Note that SanityImage is not doing anything to style your image based on the width or height you provide (aside from setting a class with object-position set, should you choose to use it). In practice, it's rare that these values align consistently with a particular layout, and library control of this makes it difficult to predict the output given a particular input.

Instead you can style the resulting img tag just like any other element. SanityImage will pass through className and style props, and it makes no assumptions about your image presentation.

Minor gotchas with deferred loading

SanityImage is relying on browser-native deferred image loading. This generally works fine in browsers that support it, but there are situations where the unloaded image is hidden or covered, resulting in the full image never loading.

If this happens, you can override the styles set on the full-size image using the img[data-loading] selector.

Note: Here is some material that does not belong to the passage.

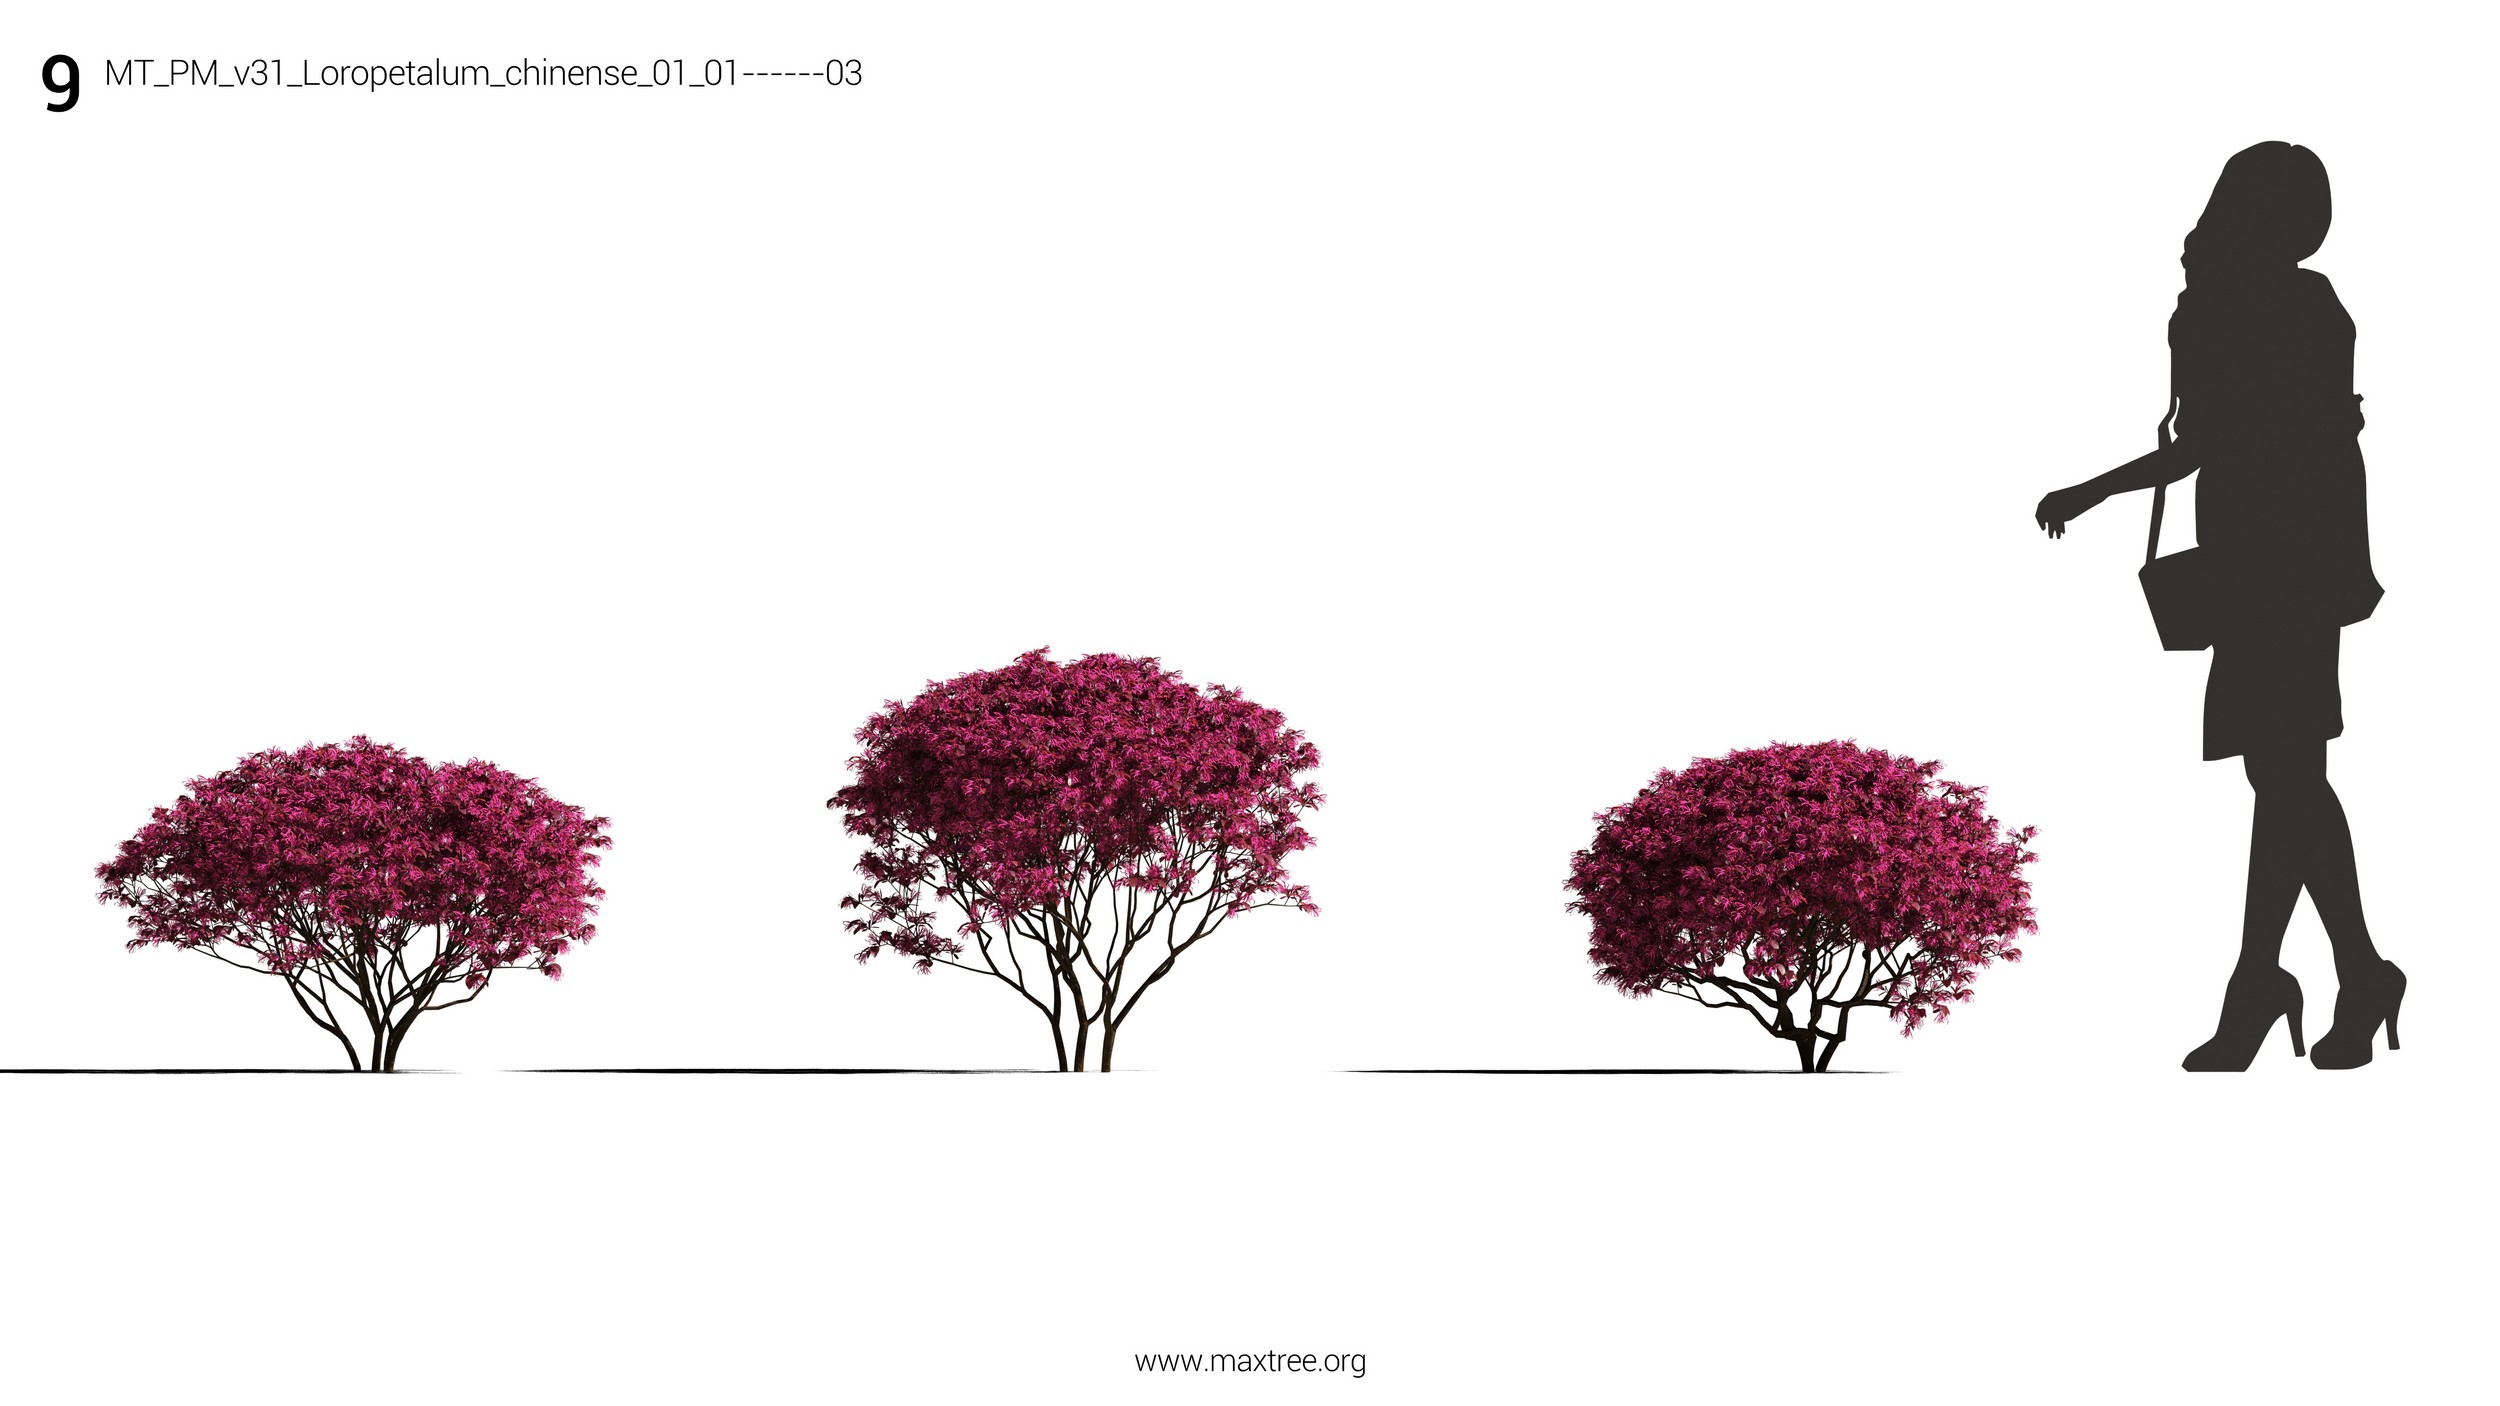 دانلود مدل سه بعدی درخت و درختچه - 15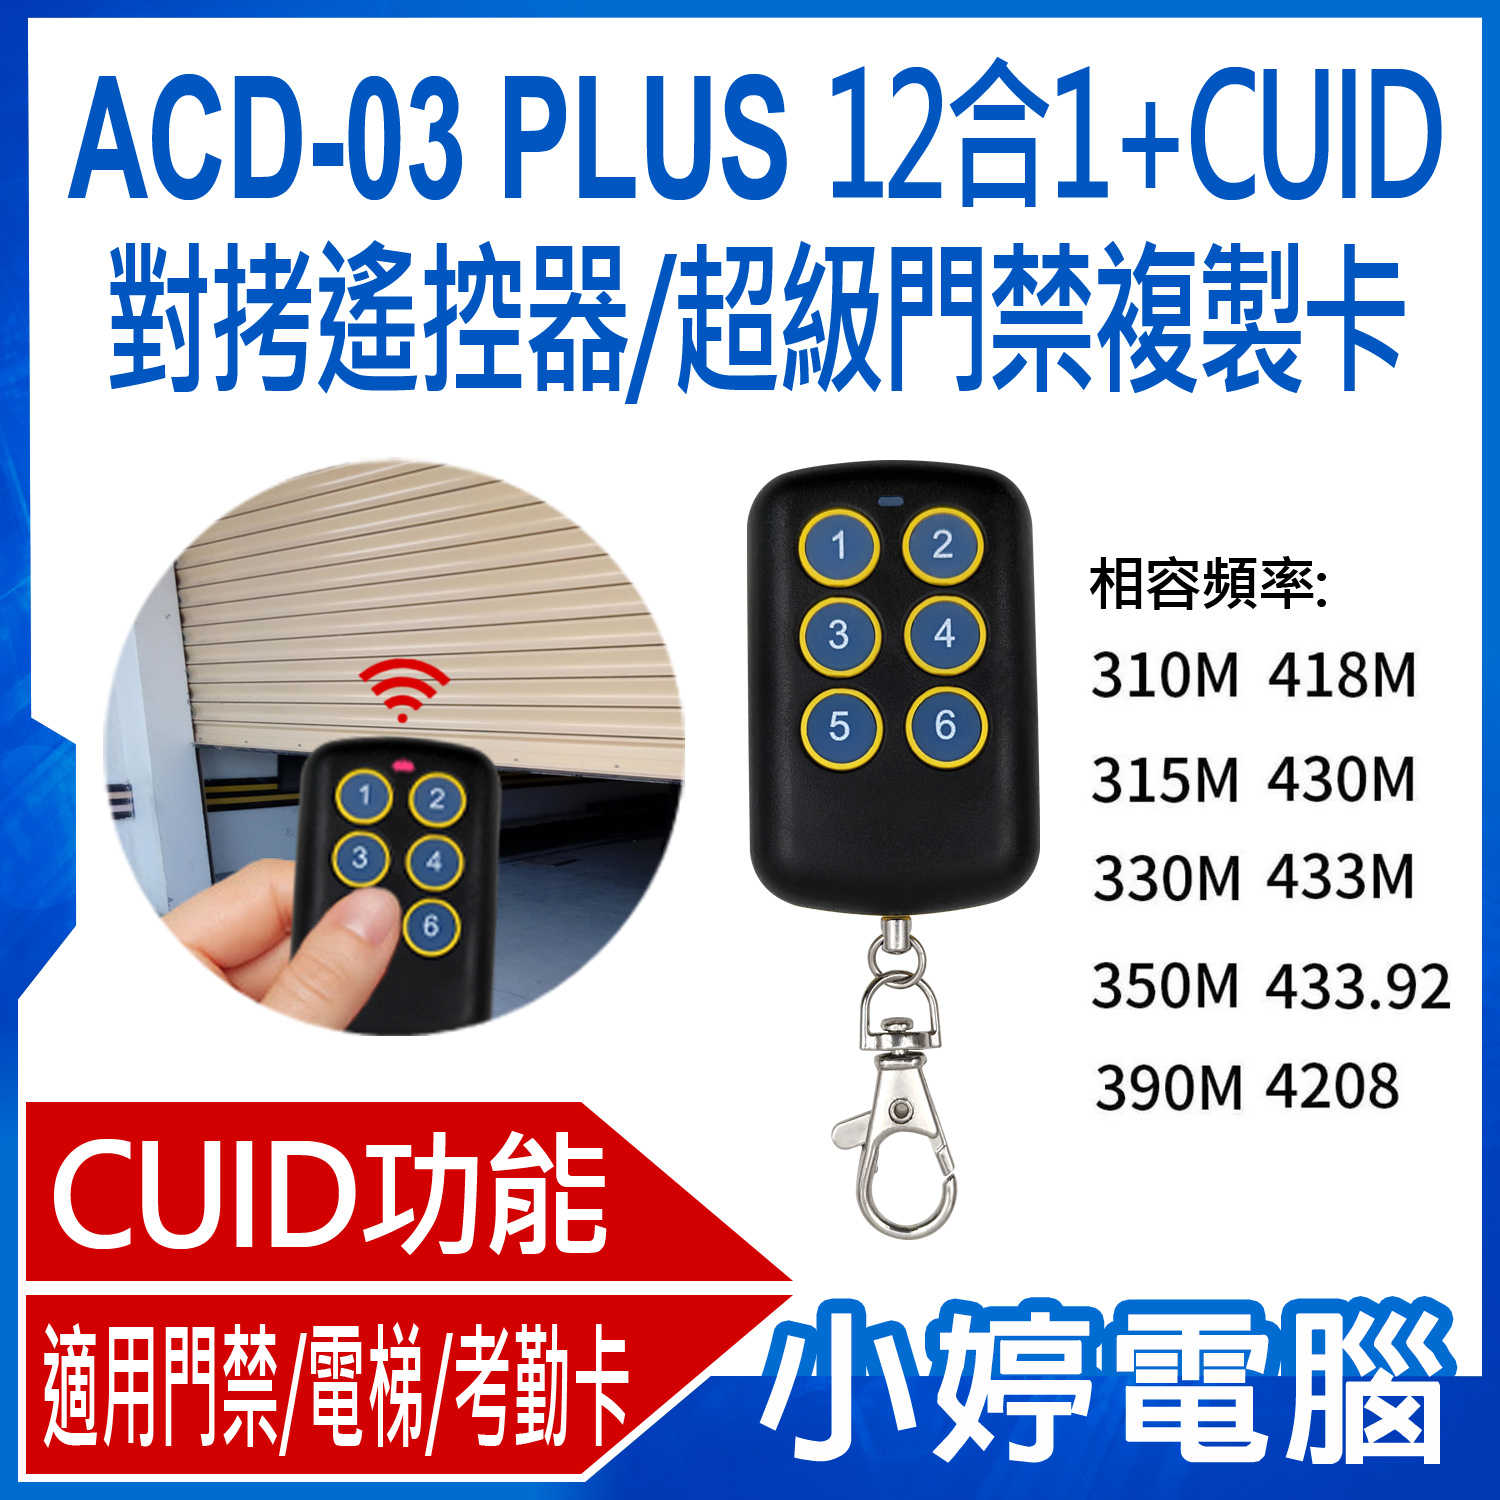 【小婷電腦】ACD-03 PLUS 12合1+CUID對拷遙控器/超級門禁複製卡 鐵捲門遙控器拷貝 附帶CUID門禁拷貝

This image sits immediately adjacent to the spaceball image and has the following default styles while loading:

position: absolute;
width: 10px !important; /* must be > 4px to be lazy loaded */
height: 10px !important; /* must be > 4px to be lazy loaded */
opacity: 0;
zindex: -10;
pointerevents: none;
userselect: none;

More things to know

  • If you don't specify width the uploaded image width is used.
  • You are encouraged to use the sizes attribute to steer browsers to select the most appropriate image from the srcSet based on the viewport width
  • You can target the low-quality image preview element via img[data-lqip] should you want to style it differently

License

This project is licensed under the Mozilla Public License 2.0, which is a copyleft license with a share-alike provision. Please contribute meaningful improvements back to the open-source community, either via direct contribution or by releasing a separate library!